How to learn Connectors And CDC Basics for Streaming Platform Basics in Data Platform Engineer for free

Why this matters

Data Platform Engineers must move data from diverse sources into streaming pipelines reliably. Connectors and Change Data Capture (CDC) are how you: keep analytics dashboards fresh, power event-driven microservices, build audit trails, and migrate systems with near-zero downtime.
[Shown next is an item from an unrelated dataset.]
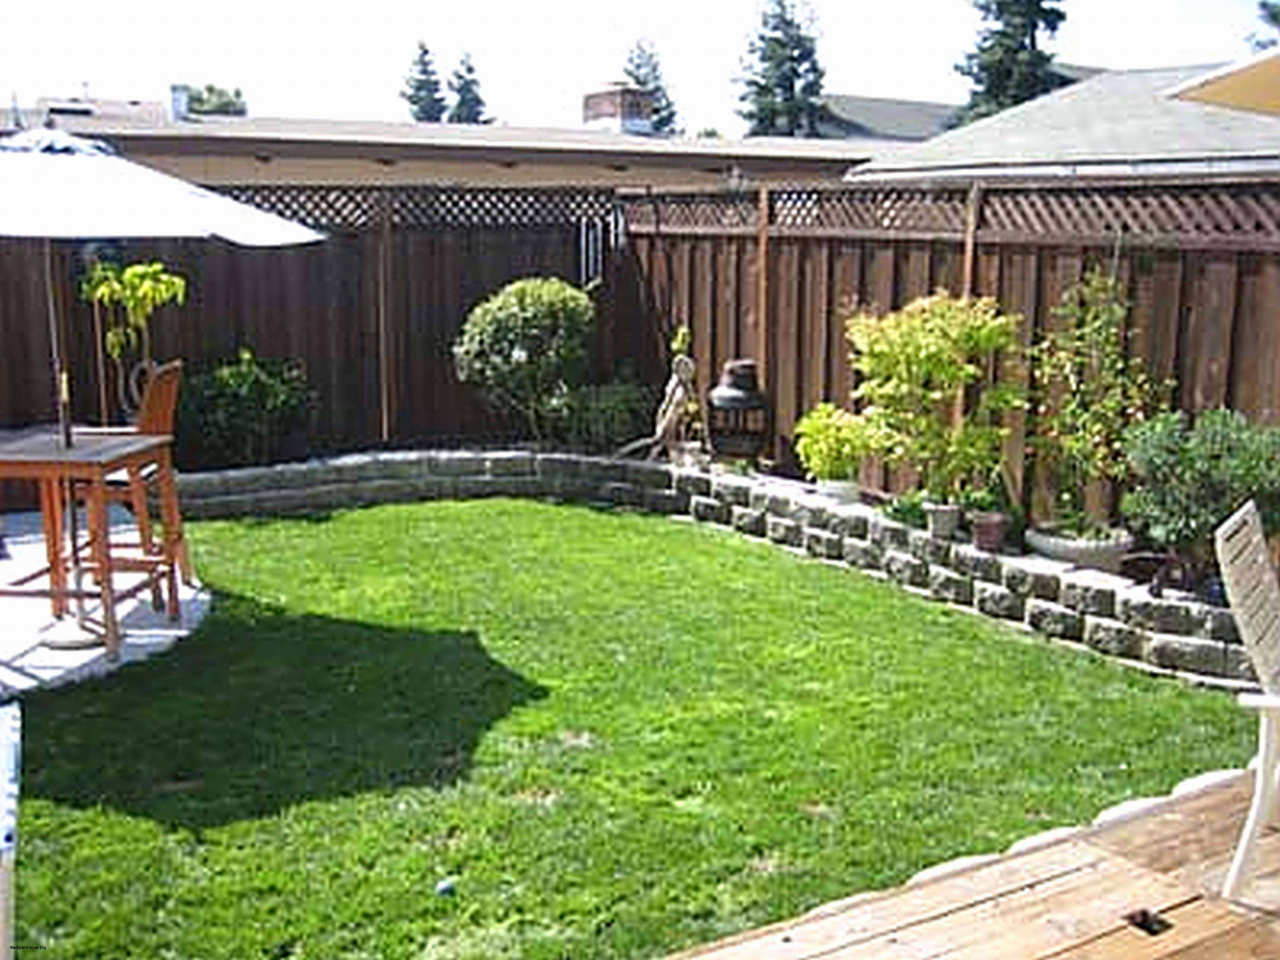 backyard patio ideas garten couch genial garden ideas lovely small patio ideas best durch backyard patio ideas

If you choose the wrong connector type or CDC strategy, you risk missing events, duplicates, or heavy load on production databases.

Real tasks you will do: capture database changes into a streaming bus, mirror SaaS data into topics, load topics into storage/warehouses, and operate connectors at scale.
Typical outcomes: correct ordering per key, idempotent sinks, backpressure handling, and recoverable pipelines using offsets and dead-letter queues.

Concept explained simply

Connectors are adapters that read from or write to systems (databases, file/object stores, APIs, message queues). CDC is a technique to stream row-level changes from databases as they happen.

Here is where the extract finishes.